After Meister was arrested, he moved to suppress all the information found on his computer.  Unsurprisingly, the  District Court denied the motion, and the Eleventh Circuit agreed.  The court held that this was a simple application of the third party doctrine:  “The Fourth Amendment only applies to governmental action; ‘it is wholly inapplicable to a search or seizure, even an unreasonable one, effected by a private individual not acting as an agent of the Government or with the participation or knowledge of any governmental official.’  Once a private individual, acting of his own accord, conducts a search—even one that frustrates a defendant’s reasonable expectation of privacy—the Fourth Amendment does not forbid the government from replicating the search.”  Furthermore, even if the pre-warrant searches by the police were beyond the scope of the third party doctrine, the police would have found all of the contraband images eventually after they obtained their warrant, and so the searches fell under the inevitable discovery doctrine.

On one level, the Meister case is very straightforward.  But it also raises an interesting issue regarding the third party doctrine.  Today, more and more courts are criticizing the application of the third party doctrine to digital information, arguing that the doctrine should not apply to such data because in modern times so much data is entrusted–sometimes unknowingly, sometimes unavoidably–to third parties.  When computer data is stored in the cloud, or when e-mails in transit pass through remote servers on the way to their recipient, the owner of the data may not have consciously entrusted the data to a third party.  Thus, the argument goes, entrusting digital data to third parties is not at all like the “assumption of risk” that occurs when you give financial records to a bank or confide to a police informant.  This argument was first made well before the computer age, by the dissenting Justices in the much-maligned Smith v. Maryland who decried the application of the third-party doctrine to data about outgoing telephone numbers that were held by a telephone company:

Implicit in the concept of assumption of risk is some notion of choice. At least in the third-party consensual surveillance cases, which first incorporated risk analysis into Fourth Amendment doctrine, the defendant presumably had exercised some discretion in deciding who should enjoy his confidential communications.

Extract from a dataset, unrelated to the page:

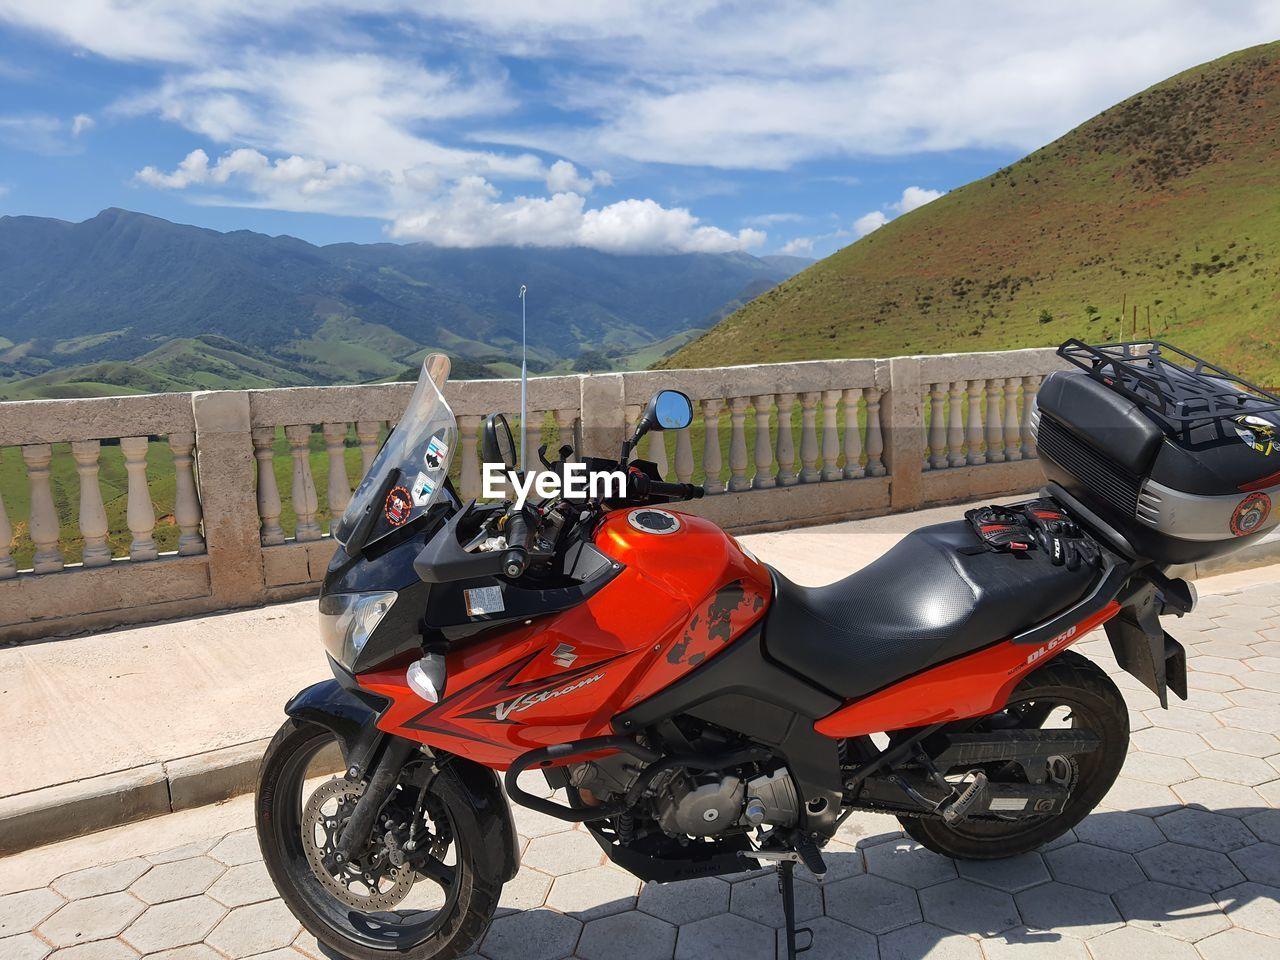 MOTOR SCOOTER AGAINST MOUNTAIN RANGE
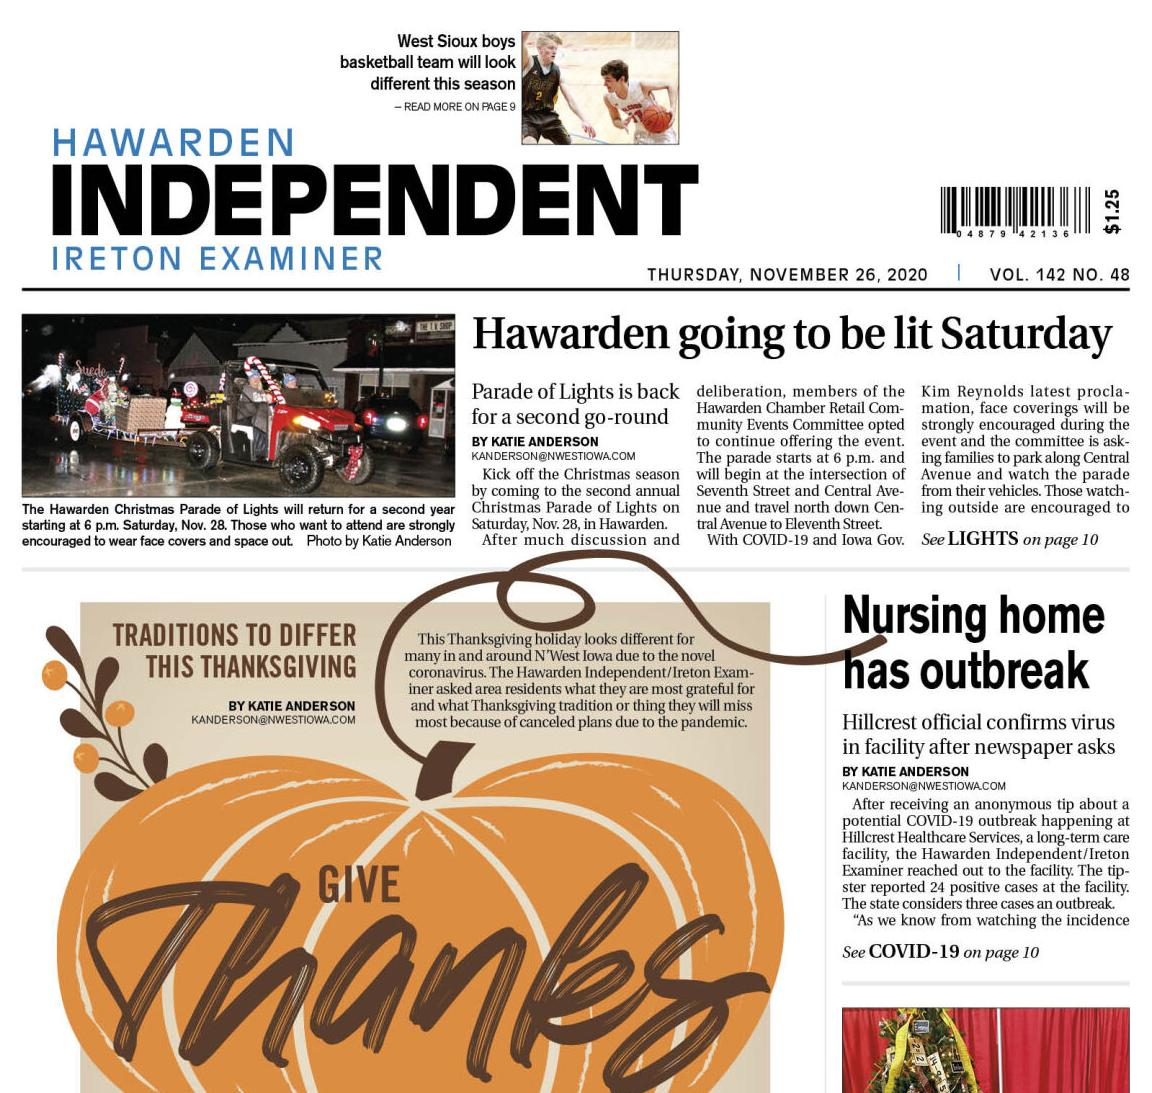 Hawarden Independent/Ireton Examiner Nov. 26, 2020

By contrast here, unless a person is prepared to forgo use of what for many has become a personal or professional necessity, he cannot help but accept the risk of surveillance.  It is idle to speak of “assuming” risks in contexts where, as a practical matter, individuals have no realistic alternative.

No doubt Meister’s actions fall under the category of being a “conscious choice”–he physically took his computer to a repair store and asked them to transfer the data.  But it is not hard to tweak the facts a bit and make the case more like the scenario described by the Smith v. Maryland dissenters.  What if Meister’s data had been corrupted, and so he sent his data electronically to a company to fix it?  Probably still a conscious choice.  What if he stored it in the cloud, and one of the data storage units in the cloud had become damaged, and a technician (without Meister’s knowledge) had to transfer the data from one storage unit to another?  Probably not a conscious choice.  Of course, under current Fourth Amendment law, the mere storing of the data in the cloud would trigger the third party doctrine.  But as the courts are revising the third party doctrine to exclude data that is automatically stored or transferred by third party actors, they will need to refine exactly when (if ever) repair and maintenance of that data might re-invoke the doctrine.